Work to be completed: Reproduce the line that contains "Renting a sailboat to live on" and every line after it through the end of the records, exactly, with nothing added.

Available records:
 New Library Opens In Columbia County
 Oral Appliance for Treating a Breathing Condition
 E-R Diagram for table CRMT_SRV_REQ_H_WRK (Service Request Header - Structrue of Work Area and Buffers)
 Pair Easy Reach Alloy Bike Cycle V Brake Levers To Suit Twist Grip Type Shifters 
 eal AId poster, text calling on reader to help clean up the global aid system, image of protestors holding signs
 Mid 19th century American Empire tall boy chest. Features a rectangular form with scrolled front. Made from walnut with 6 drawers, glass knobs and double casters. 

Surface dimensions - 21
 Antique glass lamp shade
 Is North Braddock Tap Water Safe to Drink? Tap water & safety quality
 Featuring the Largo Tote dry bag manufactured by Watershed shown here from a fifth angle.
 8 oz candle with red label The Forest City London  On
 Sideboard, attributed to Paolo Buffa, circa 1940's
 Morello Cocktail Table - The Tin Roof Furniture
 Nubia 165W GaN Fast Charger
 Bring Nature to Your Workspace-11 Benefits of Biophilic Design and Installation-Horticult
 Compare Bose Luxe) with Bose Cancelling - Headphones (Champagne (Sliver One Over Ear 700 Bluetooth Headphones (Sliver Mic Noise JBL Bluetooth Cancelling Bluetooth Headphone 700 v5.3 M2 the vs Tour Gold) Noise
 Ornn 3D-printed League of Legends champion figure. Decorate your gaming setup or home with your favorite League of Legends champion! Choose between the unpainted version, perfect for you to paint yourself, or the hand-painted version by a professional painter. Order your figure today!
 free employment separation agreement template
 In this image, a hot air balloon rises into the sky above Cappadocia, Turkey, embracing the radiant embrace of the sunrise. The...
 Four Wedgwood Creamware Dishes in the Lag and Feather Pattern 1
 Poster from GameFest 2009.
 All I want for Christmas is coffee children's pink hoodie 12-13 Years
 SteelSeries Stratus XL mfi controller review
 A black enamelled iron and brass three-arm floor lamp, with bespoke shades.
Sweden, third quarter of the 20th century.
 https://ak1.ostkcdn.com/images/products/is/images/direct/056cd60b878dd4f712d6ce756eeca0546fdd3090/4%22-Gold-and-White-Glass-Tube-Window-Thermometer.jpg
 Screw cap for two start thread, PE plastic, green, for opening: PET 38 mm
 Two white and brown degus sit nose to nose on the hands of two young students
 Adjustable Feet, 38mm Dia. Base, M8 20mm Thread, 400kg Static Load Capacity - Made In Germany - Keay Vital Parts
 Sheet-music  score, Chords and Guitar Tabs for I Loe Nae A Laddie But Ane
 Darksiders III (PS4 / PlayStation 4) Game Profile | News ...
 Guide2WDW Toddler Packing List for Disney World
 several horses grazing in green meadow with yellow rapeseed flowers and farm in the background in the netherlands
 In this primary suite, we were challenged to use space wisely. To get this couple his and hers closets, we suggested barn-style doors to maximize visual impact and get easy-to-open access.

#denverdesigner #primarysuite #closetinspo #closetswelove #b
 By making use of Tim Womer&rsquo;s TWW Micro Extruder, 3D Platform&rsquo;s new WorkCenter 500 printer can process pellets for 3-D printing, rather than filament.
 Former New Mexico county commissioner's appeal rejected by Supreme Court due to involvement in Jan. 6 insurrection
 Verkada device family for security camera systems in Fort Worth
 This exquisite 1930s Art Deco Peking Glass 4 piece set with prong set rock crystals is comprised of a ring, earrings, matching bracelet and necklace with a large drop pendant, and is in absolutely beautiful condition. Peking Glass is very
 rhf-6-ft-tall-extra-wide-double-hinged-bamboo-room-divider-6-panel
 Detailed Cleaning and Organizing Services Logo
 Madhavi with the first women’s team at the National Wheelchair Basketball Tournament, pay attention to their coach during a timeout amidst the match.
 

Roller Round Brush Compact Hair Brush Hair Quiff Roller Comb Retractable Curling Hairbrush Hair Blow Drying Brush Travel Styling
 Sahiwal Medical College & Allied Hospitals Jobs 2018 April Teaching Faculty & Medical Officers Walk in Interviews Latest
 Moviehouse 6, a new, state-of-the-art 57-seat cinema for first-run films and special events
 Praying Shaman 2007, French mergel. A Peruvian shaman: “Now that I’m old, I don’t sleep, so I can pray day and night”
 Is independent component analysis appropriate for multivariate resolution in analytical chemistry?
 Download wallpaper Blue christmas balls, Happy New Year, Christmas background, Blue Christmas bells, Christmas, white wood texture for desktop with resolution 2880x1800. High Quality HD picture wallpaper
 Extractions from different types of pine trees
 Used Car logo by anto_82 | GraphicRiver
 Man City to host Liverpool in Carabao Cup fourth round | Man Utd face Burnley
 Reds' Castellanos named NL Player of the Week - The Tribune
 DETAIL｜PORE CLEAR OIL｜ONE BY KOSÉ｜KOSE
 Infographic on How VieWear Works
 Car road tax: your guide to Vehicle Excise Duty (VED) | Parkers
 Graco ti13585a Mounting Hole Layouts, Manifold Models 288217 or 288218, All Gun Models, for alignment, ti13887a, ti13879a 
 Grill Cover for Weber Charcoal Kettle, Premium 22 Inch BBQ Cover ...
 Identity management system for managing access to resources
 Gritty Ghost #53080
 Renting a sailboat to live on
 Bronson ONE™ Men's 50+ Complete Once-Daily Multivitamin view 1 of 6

Answer section:
 Renting a sailboat to live on
 Bronson ONE™ Men's 50+ Complete Once-Daily Multivitamin view 1 of 6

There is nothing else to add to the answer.